Often times, there is literally no way for me to bypass some stupid restriction they put on my kids, so the only way I can get it to work is to help my kids lie about their age… and at that point, I lose the ability to actually block things I care about.

These laws are just going to make it worse. I don’t want someone else choosing how I control what my kids do. Give me tools to control it myself, and you can choose some presets for parents to use, but don’t force me to use your definition of age appropriate.

alpinisme | 23 hours ago

What tools would you want?

themafia | 23 hours ago

The internet is too dynamic to build a working filter around. Perhaps just tools which help parents quickly and efficiently monitor their child's device usage would be best.

Do you want to alter behaviors or lock children in a gilded cage?

cortesoft | 23 hours ago

Honestly, I don’t have a perfect answer. It really depends on what the service is.
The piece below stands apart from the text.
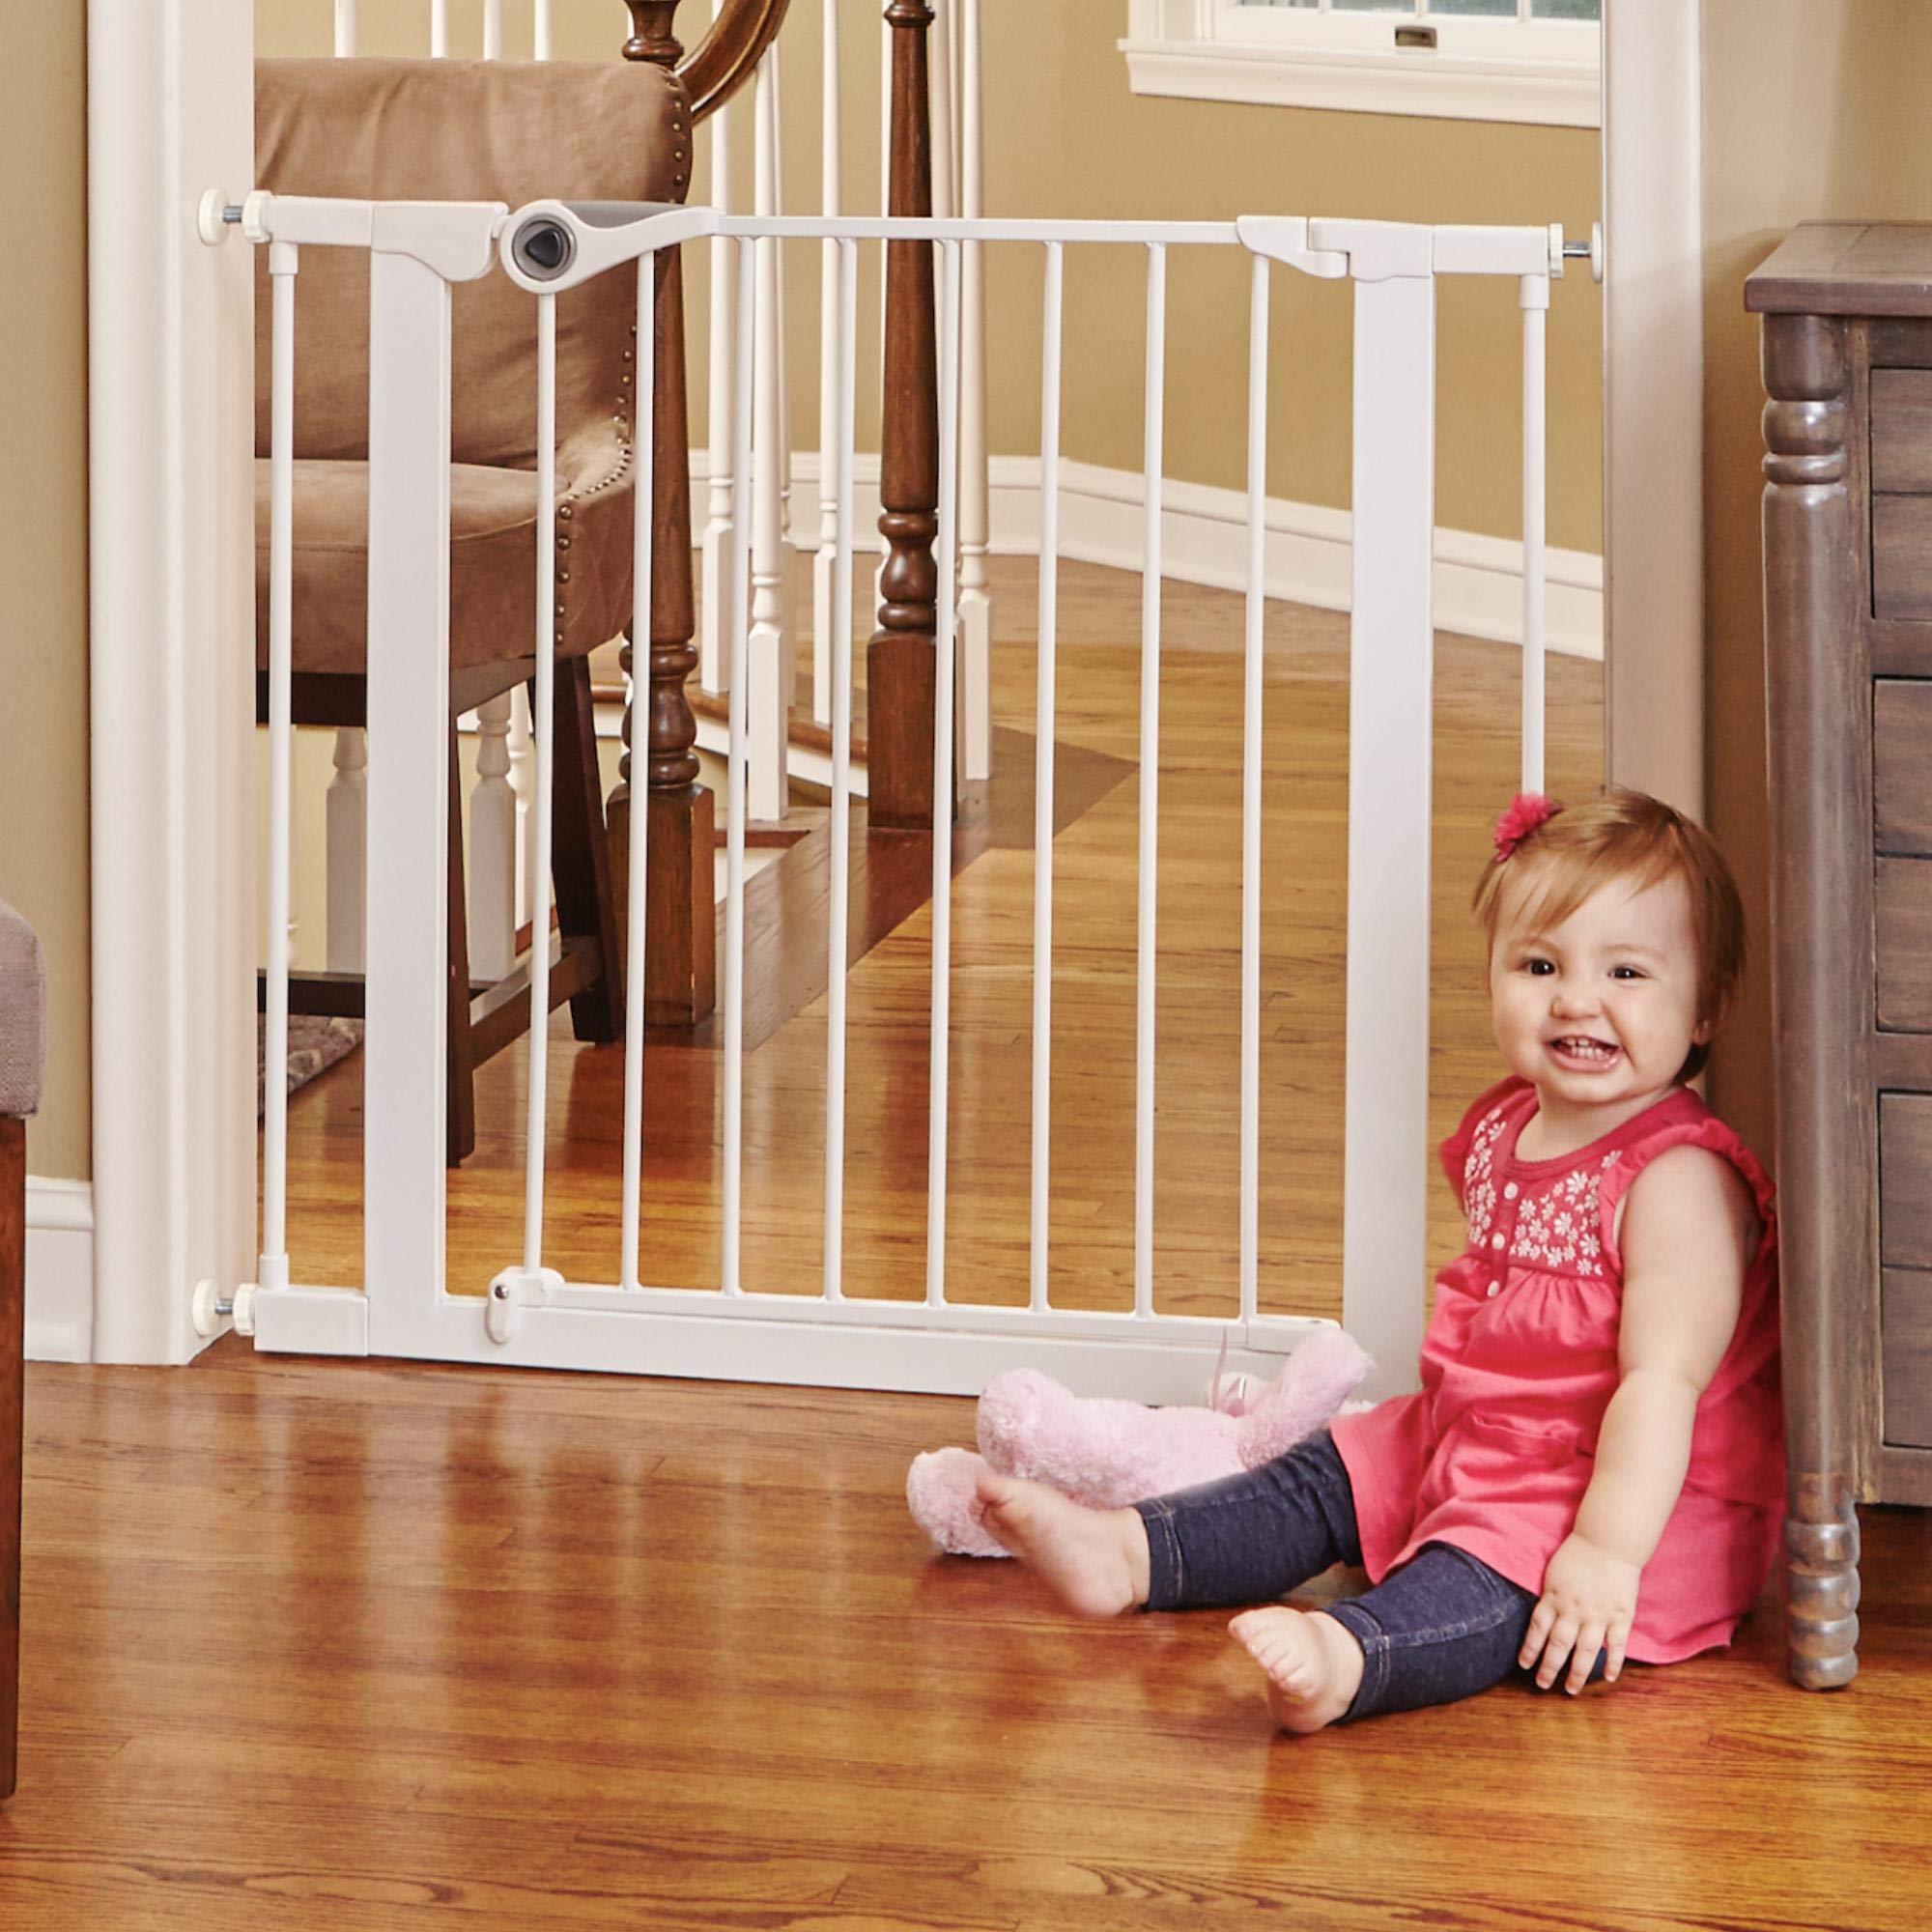 North States 38.1'' Wide Essential Walk-Thru Gate: Ideal for securing hallways or doorways. Extra-Wide Doorway. Pressure Mount. Fits 29.8'' - 38.1'' Wide (30'' Tall, White) by North States
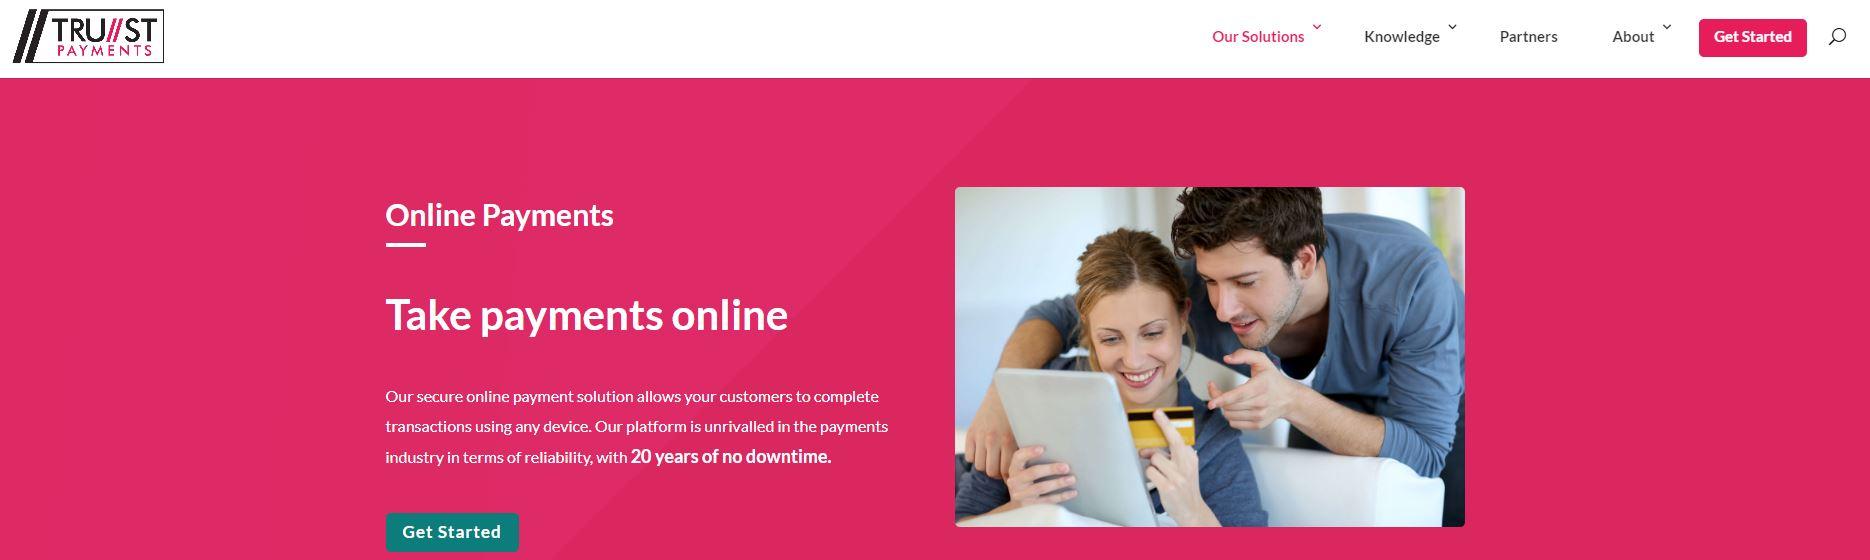 Trust Payments website

My main thing is I want to be able to opt in or out of various filters. I don’t mind if my kids want to listen to music that has swear words, but I don’t want them watching videos where they give horribly sexist pickup artist advice.

This isn’t just about what I feel is age appropriate, either. It is also about what I know about my kids.

My 10 year old hates scary things, and she gets completely freaked out when they show scary movie previews. I would like to be able to block those for her. On the other hand, my 7 year old is obsessed with scary things and I don’t mind if he plays zombie video games.

blymphony | 23 hours ago

I'm as a big of a horror movie fan as you can find, and I'm completely dumbfounded by the jump scares marketing is allowed to show in trailers nowadays. IMO (coming from someone who is basically unaffected by jump scares), they've gotten more shocking in the past couple years.

JoshTriplett | 22 hours ago

> My 10 year old hates scary things, and she gets completely freaked out when they show scary movie previews. I would like to be able to block those for her.

The difference between this and the usual "parental control" mechanisms is that what you're describing here is something the child wants to cooperate with, voluntarily. In which case, you don't need a mechanism that makes it absolutely impossible; you need a mechanism for helping them not see things they don't want to see. That's something some adults also want (e.g. tools for preventing oneself going to Facebook, or going to TVTropes for too long).

cortesoft | 18 hours ago

Honestly, this is how I feel about all content for my kids. I am not trying to stop them from seeing something they really want to see. I am trying to stop them from seeing stuff they don’t want to see.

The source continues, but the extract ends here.